The motivation behind the album and the redemption that has come with it is not spelled out in her lyrics; rather, she uses interviews with the press as a window into her pain. Through the media, her story is getting out and Yap is discovering that fans are coming to her shows to share their own stories.

“It doesn’t matter what background they come from, they recognize that the emotional pain has perhaps carried through and impacted their decisions as an adult.”

Palimpsest isn’t about lamenting over what came before, Yap said. It’s about recognizing the shame and alienation she felt as a child, and making decisions to move beyond it as an adult.

“It can be viewed as a rebellion, of course. But I think the deeper meaning is realizing, as you’re growing up, that the rebellion is actually happening inside your head. It’s very painful to go back and rewrite the emotional patterns that you carried into your adulthood. How do I rewrite that script and make decisions from now on?”

Her live performances offer no emotional easy way out. FOONYAP concerts are draining for both her and her audience, Yap said. But she is left with a positive feeling afterwards. “This has been a very therapeutic process.”

The tour to support Palimpsest brings Yap to Victoria for what will be her local debut as FOONYAP (she has played Victoria previously as a member of Calgary indie folk act Woodpigeon). She will sing and play her violin through a series of loop pedals, which allow her to accompany herself on guitar. The end result will be a singular piece of art, warts and all.

That is precisely what Yap is trying to accomplish at this stage in her career: Art for art’s sake, no apologies.

She still struggles with a lingering sense of perfectionism, but that feeling is dwindling as she matures.
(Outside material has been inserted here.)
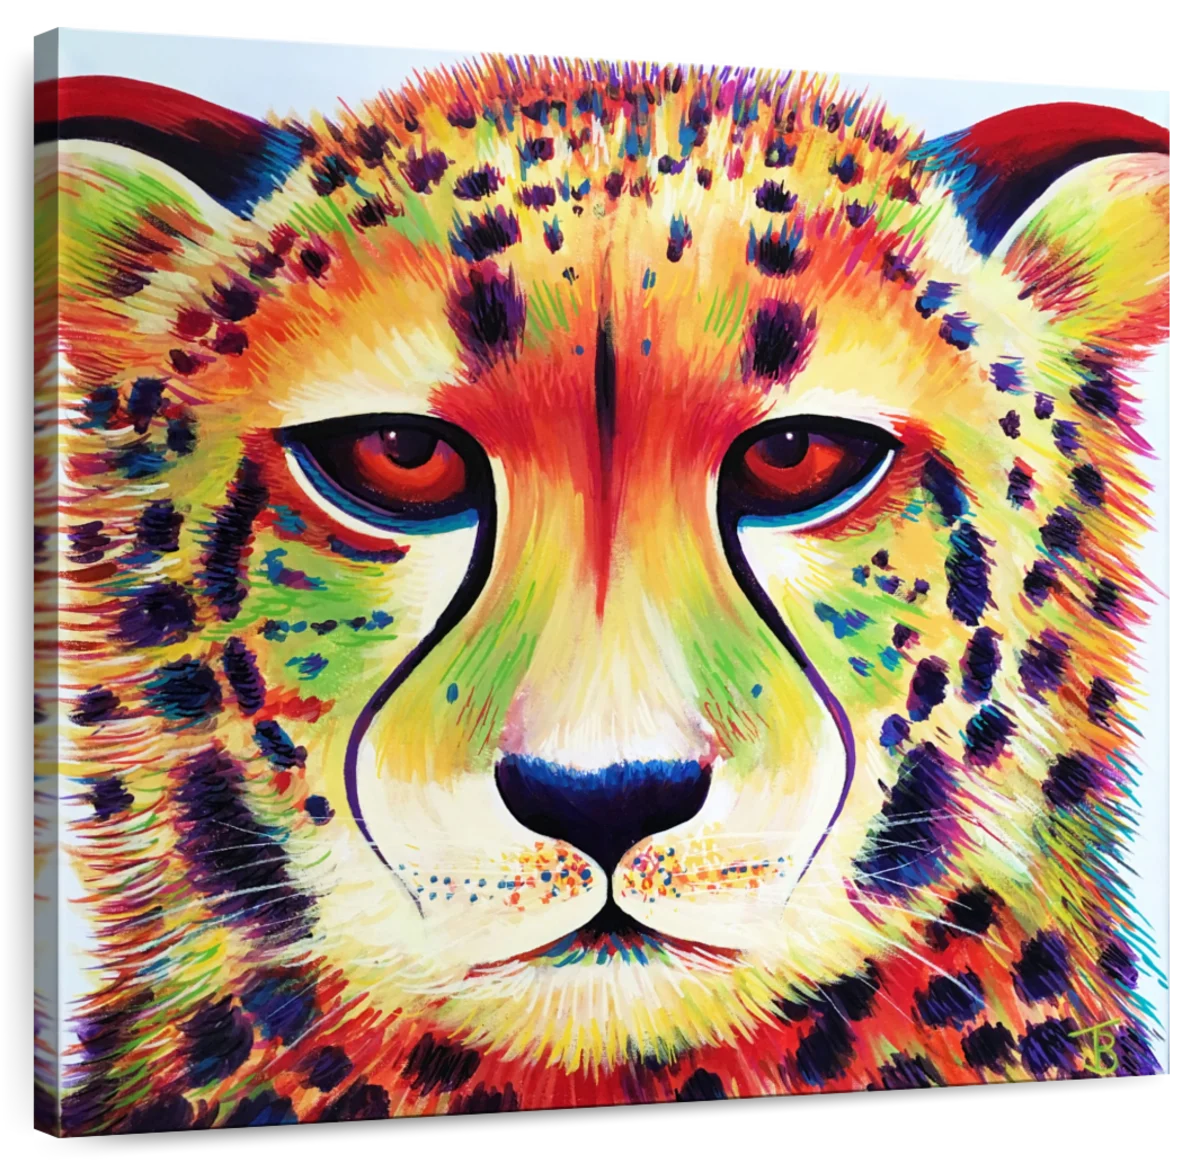 Rainbow Cheetah Wall Art: Canvas Prints, Art Prints & Framed Canvas

“I very consciously have to make a decision when I’m performing that I’m not performing to play all the notes correctly, that I’m performing to express myself. And I struggle with that every single day and every single performance.

“I really make a commitment whenever I perform to perform from the space where I write music from. As long as I do that, I always have a good show, no matter what else is happening.”